行進曲「美中の美」
 「美中の美」は、ジョン・フィリップ・スーザ(1854〜1932)が、1908年に自身のバンド(スーザ・バンド)を率いてボストンの食品博覧会に招待された時に作曲された行進曲である。
 この曲は、スーザの行進曲の中でももっとも美しく素晴らしいメロディをもっているものと言われている。実は、スーザ・バンドは、この博覧会には数年前から毎年招待を受けており、スーザは展示会場で働く、1人の若くて美しい魅力的な女性に心をとどめていて、いずれは彼女の印象を音楽に書こうと心に決めていた。そこで、1908年に招待された時に、その美しい女性を思い出しながらこの曲を書き、「美中の美(The he Faierst of the Fair)」というタイトルを付けたというエピソードがある。ちなみに、タイトルの“fair”には、“美人”という意味のほかに“博覧会”という意味もあり、「美人の中でももっとも美しい」と「博覧会の中でもっとも素晴らしい博覧会」という2つの意味をもったネーミングになっている。
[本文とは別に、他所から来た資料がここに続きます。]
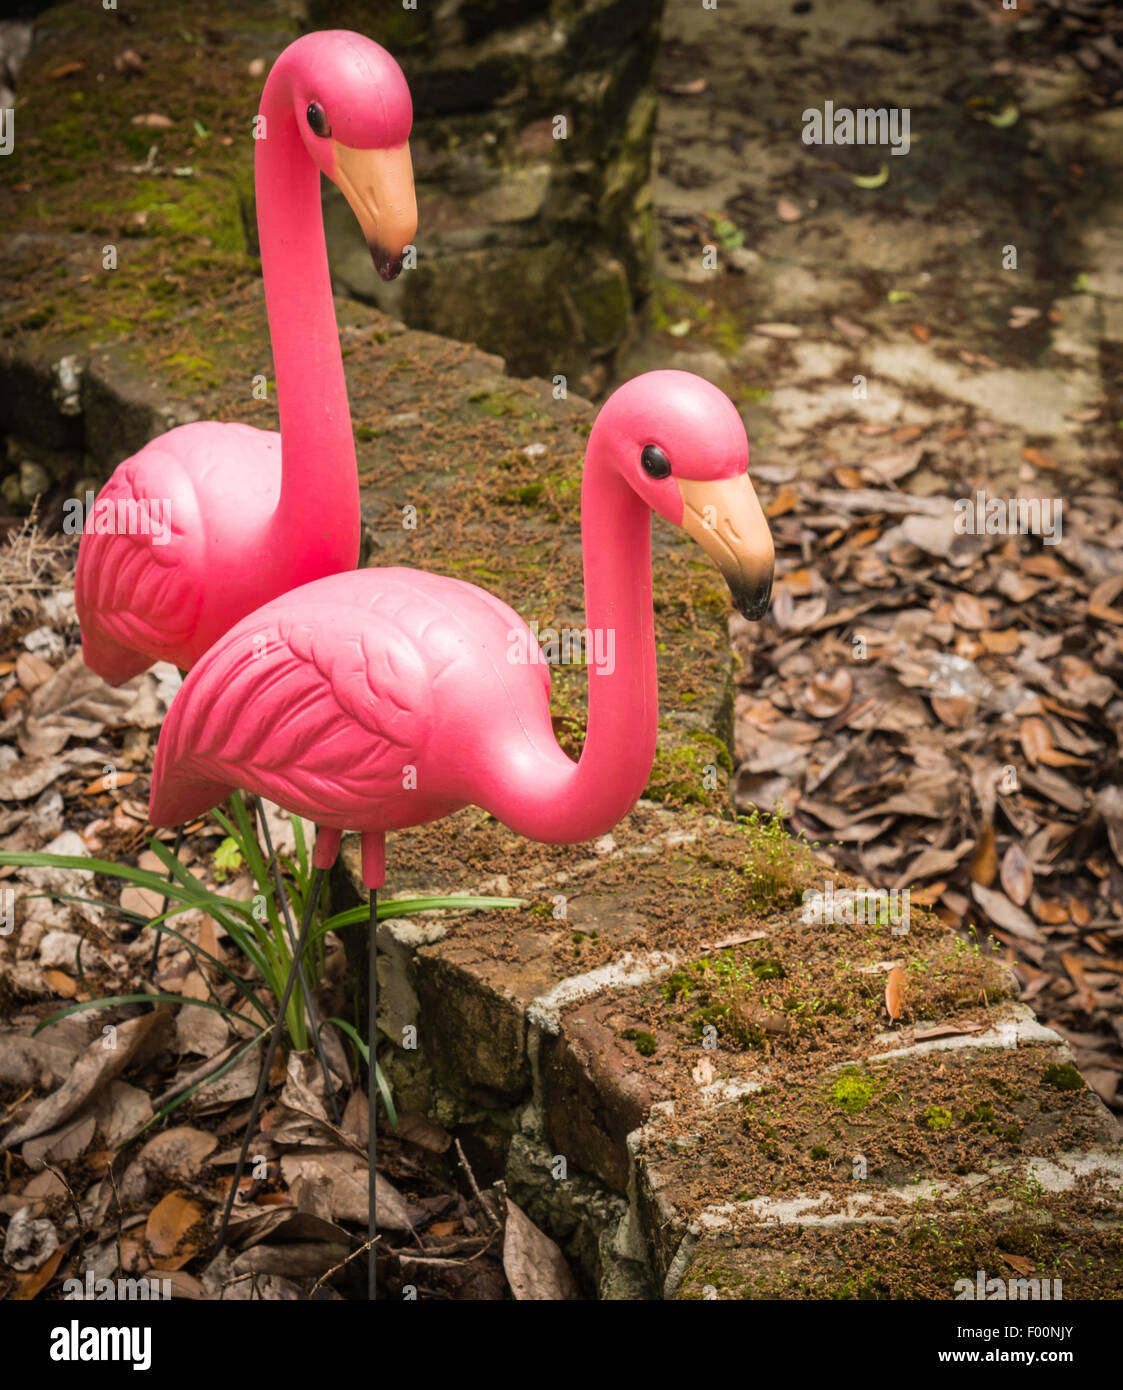 Pink Plastic Flamingos Decorate A Backyard Garden In Savannah
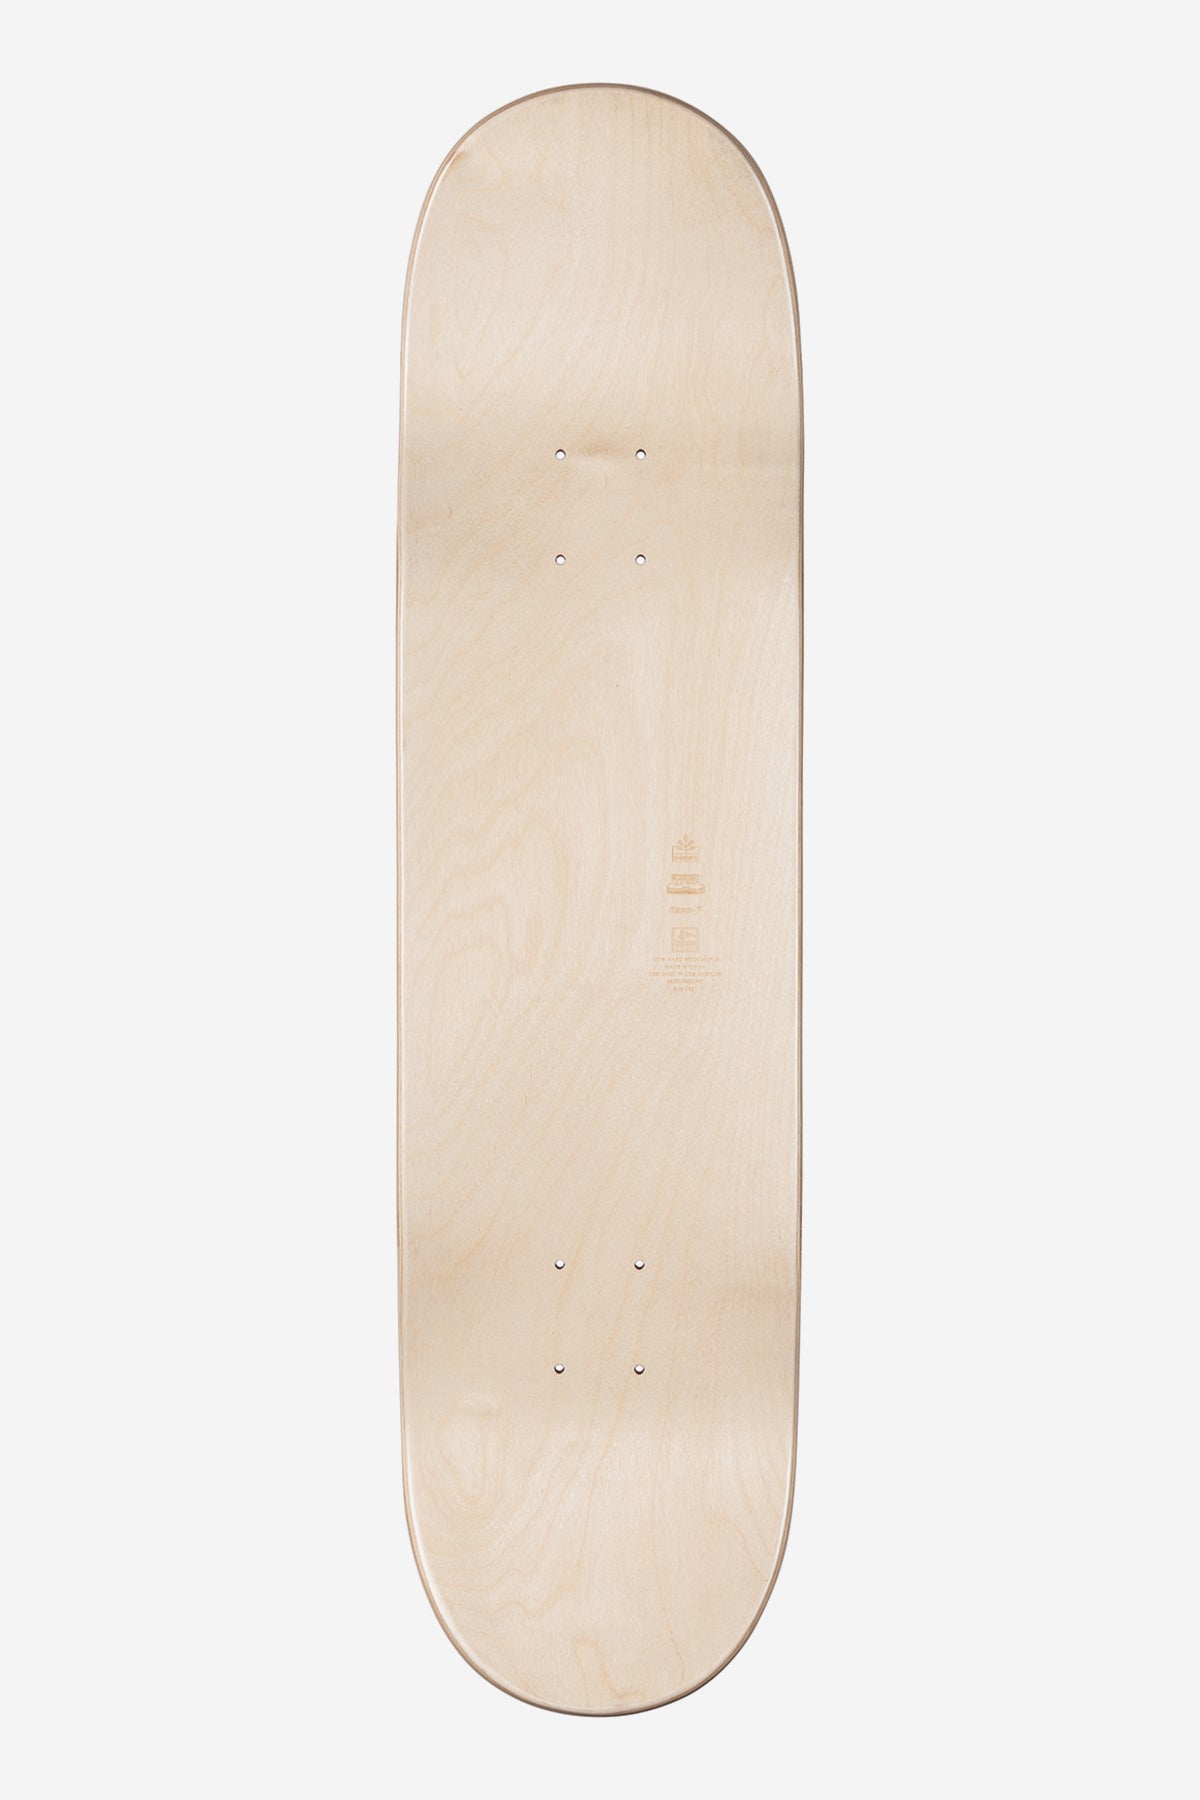 Globe - Goodstock - Sahara - 8.375" Skateboard Deck

 さて、まったく個人的な思い入れとしては、まだ小学生だった私は、この曲と「士官候補生」の演奏をNHKの「名曲アルバム」で聴き、風にたなびく星条旗や、スーザフォンを担いで演奏するマーチングバンドの映像にも魅せられ、それまでまったく無縁無関心だった(当時の音楽の成績は1か2ばかり……)音楽の世界へ興味を持ち、やがては中学校で吹奏楽部に入部するきっかけとなった曲なのです。